The Different Forms of Income Revenue in the US

 We all know that in order to make money, you have to, well, work for it. But did you know that there are different types of income? Granted, some of them are taxable and some of them aren’t, but they’re still technically different types. Here’s a quick run-down of the different types of income and how they’re taxed (or not taxed) in the United States. 

Wages

 Wages are what you earn from working an hourly or salaried job. Basically, if your paycheck has “wages” listed as income, that’s what it is—the money you earned from working. Wages are fully taxable, so be sure to have the proper amount withheld from your paycheck so you don’t end up owing the government come tax season. If you don’t withhold enough, you will be charged a penalty plus interest. Not fun.

Tips 

If you work in a service industry such as bartending or waitressing, chances are good that you receive tips as part of your compensation. 

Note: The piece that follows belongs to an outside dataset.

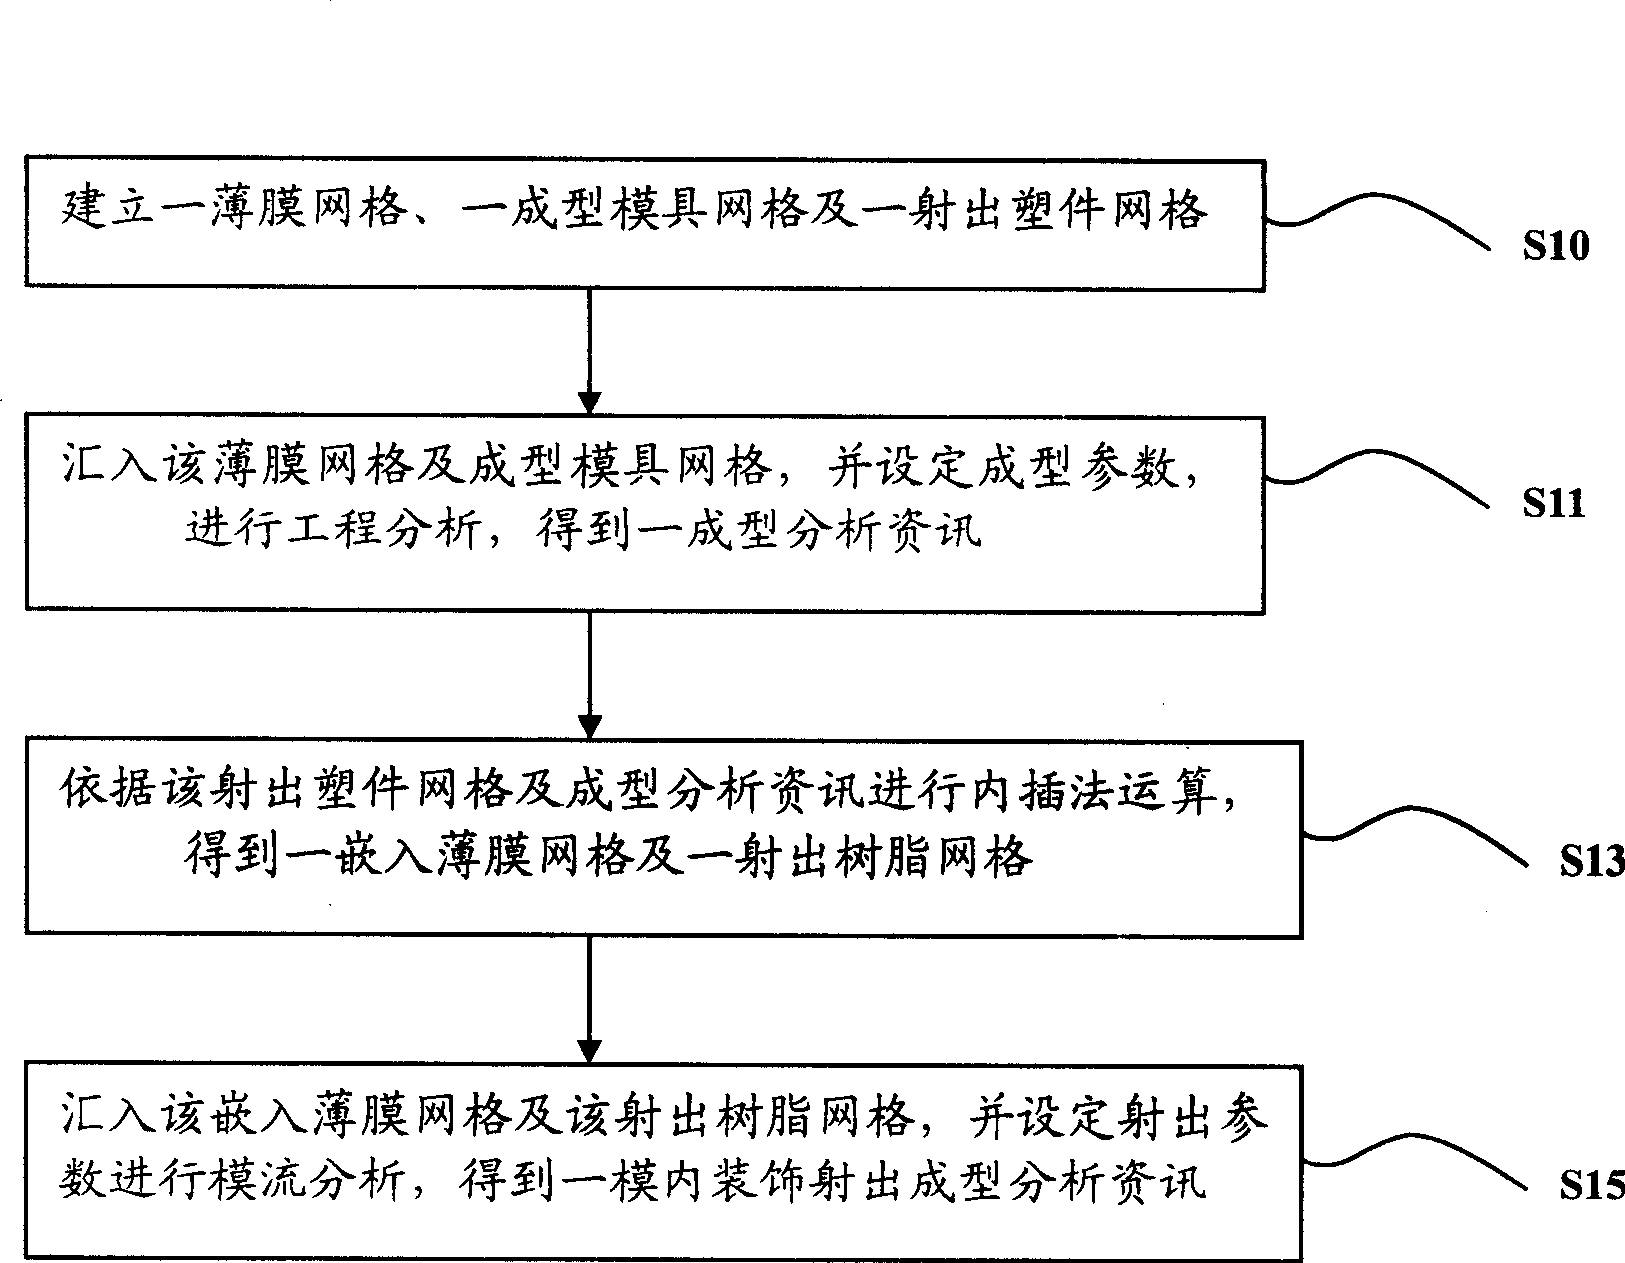 Analysis method used for in-mold decoration injection molding

Tips are considered taxable wages, so they must be reported as income on your tax return. Be sure to keep track of your tips throughout the year so you don’t under-report your income and end up owing taxes (plus penalties and interest) come tax time. 

Investment Income 

If you have money invested in stocks, bonds, mutual funds, or real estate, any money that those investments earn is considered investment income. This can include interest earned on savings accounts or CDs as well. Investment income is taxed at your marginal tax rate (more on that below), so it’s important to keep good records of your investment activity throughout the year. 

Royalties 

Royalties are payments made to someone for the use of their property or intellectual property, such as patents, copyrights, or natural resources. For example, if someone wants to use one of your copyrighted photographs, they would need to pay you a royalty fee in order for that use to be legal. Like investment income, royalties are taxed at your marginal tax rate. 

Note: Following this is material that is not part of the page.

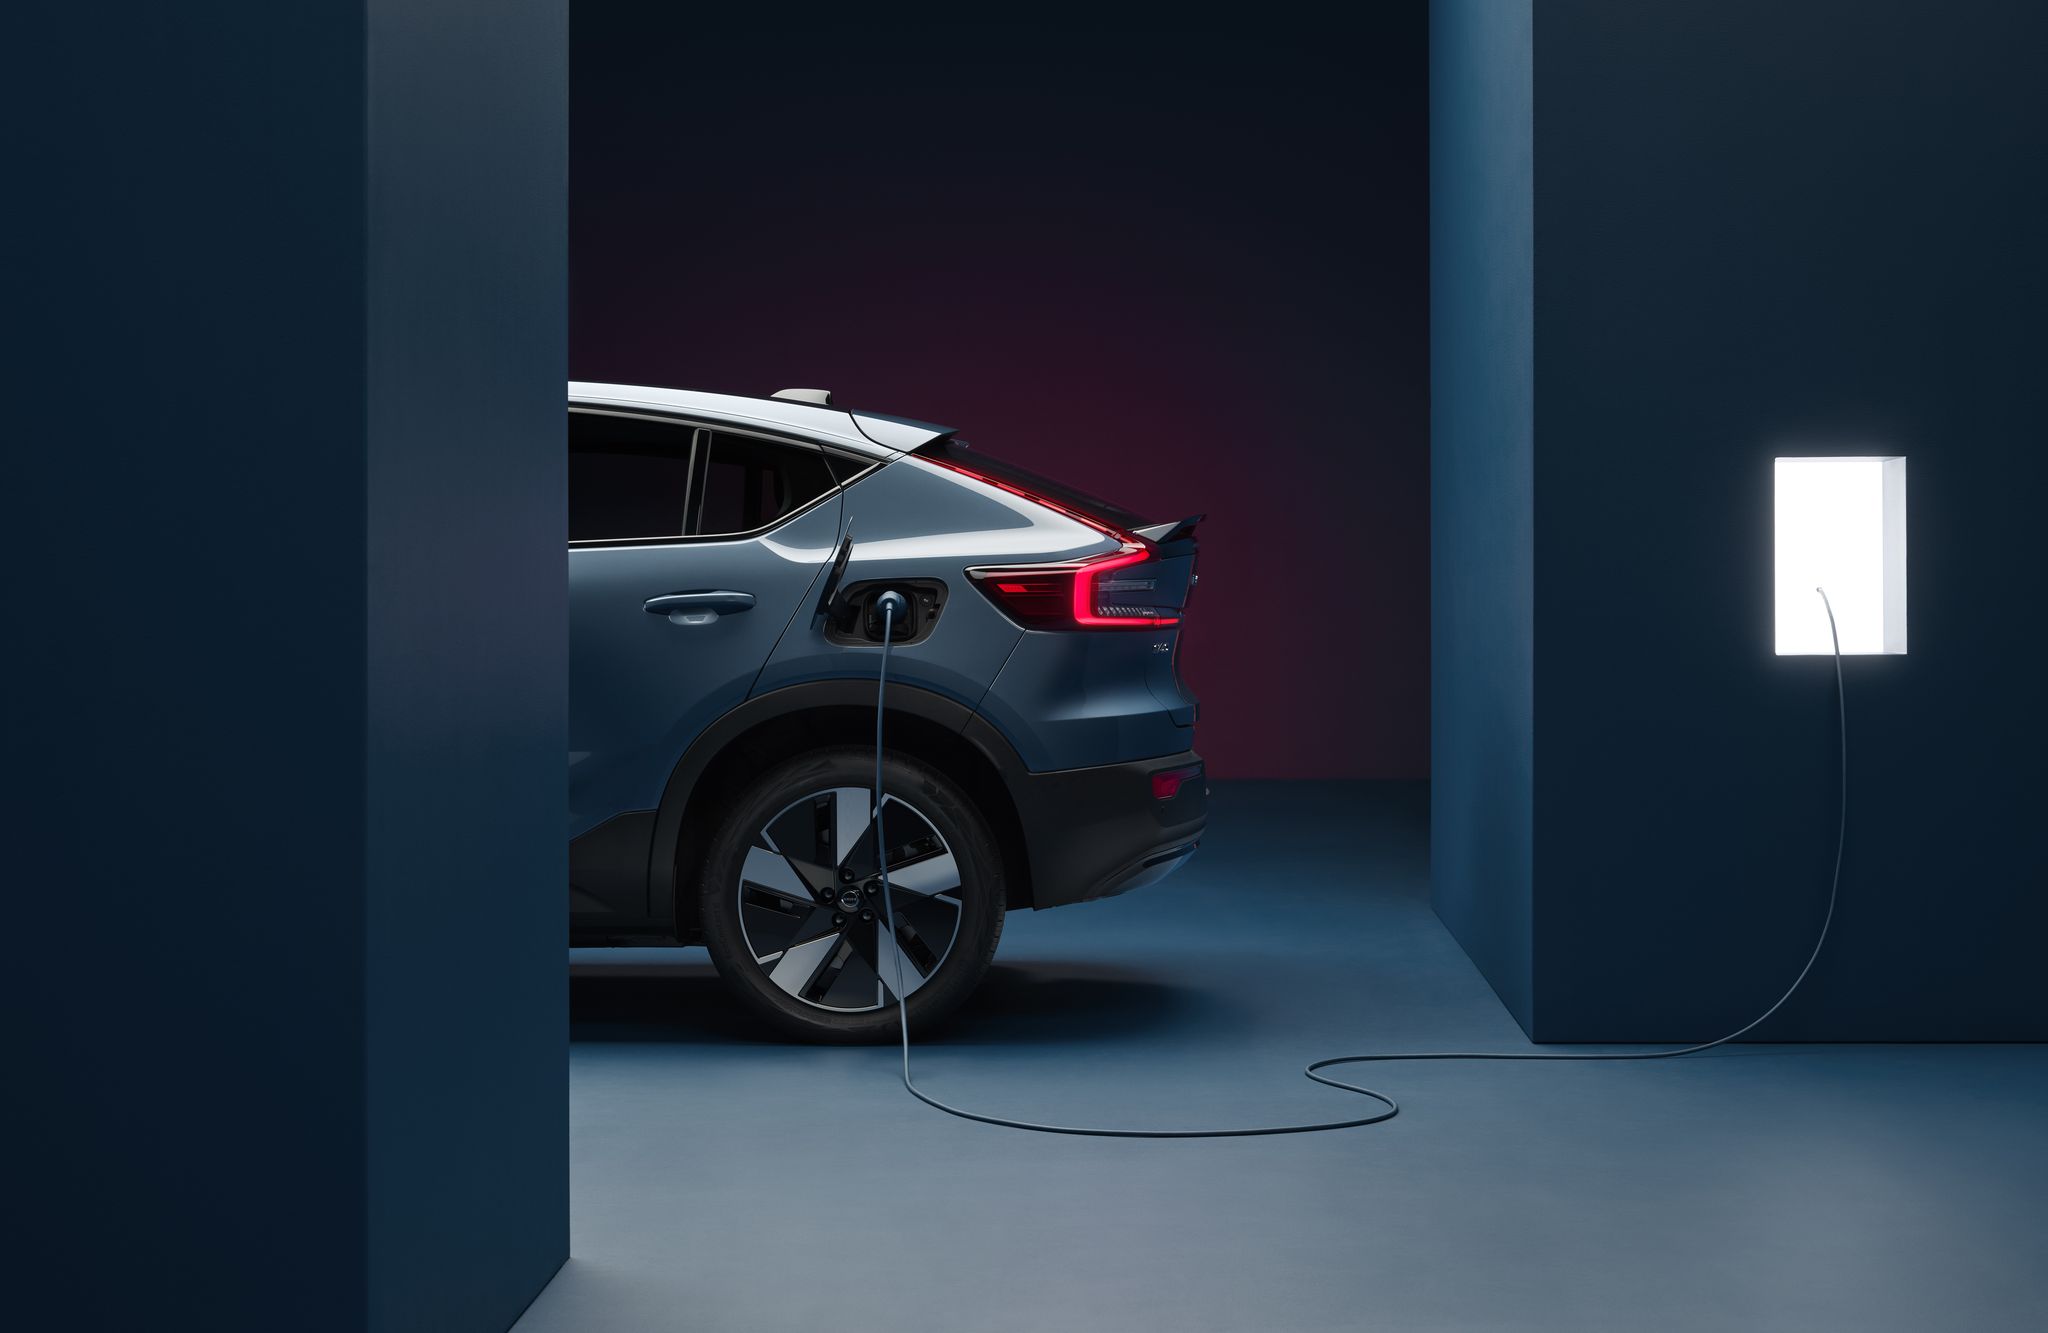 Recharging a plugged-in Volvo C40

Gains from the Sale of Property

This one is a bit self-explanatory; if you sell something that you own for more than it cost you to acquire it (a “capital gain”), then that amount is considered taxable income. For example, if you buy a stock for $10 per share and sell it later for $15 per share, then you have a $5 capital gain that must be reported on your tax return. Capital gains may also be subject to state taxes depending on where you live—so be sure to check with your state tax agency for more information. 

As you can see, there are different types of income, which means there are different rules regarding taxes. It’s important to keep good records throughout the year, so come tax season; you’re prepared and know exactly what needs to be done! Stay informed and stay safe.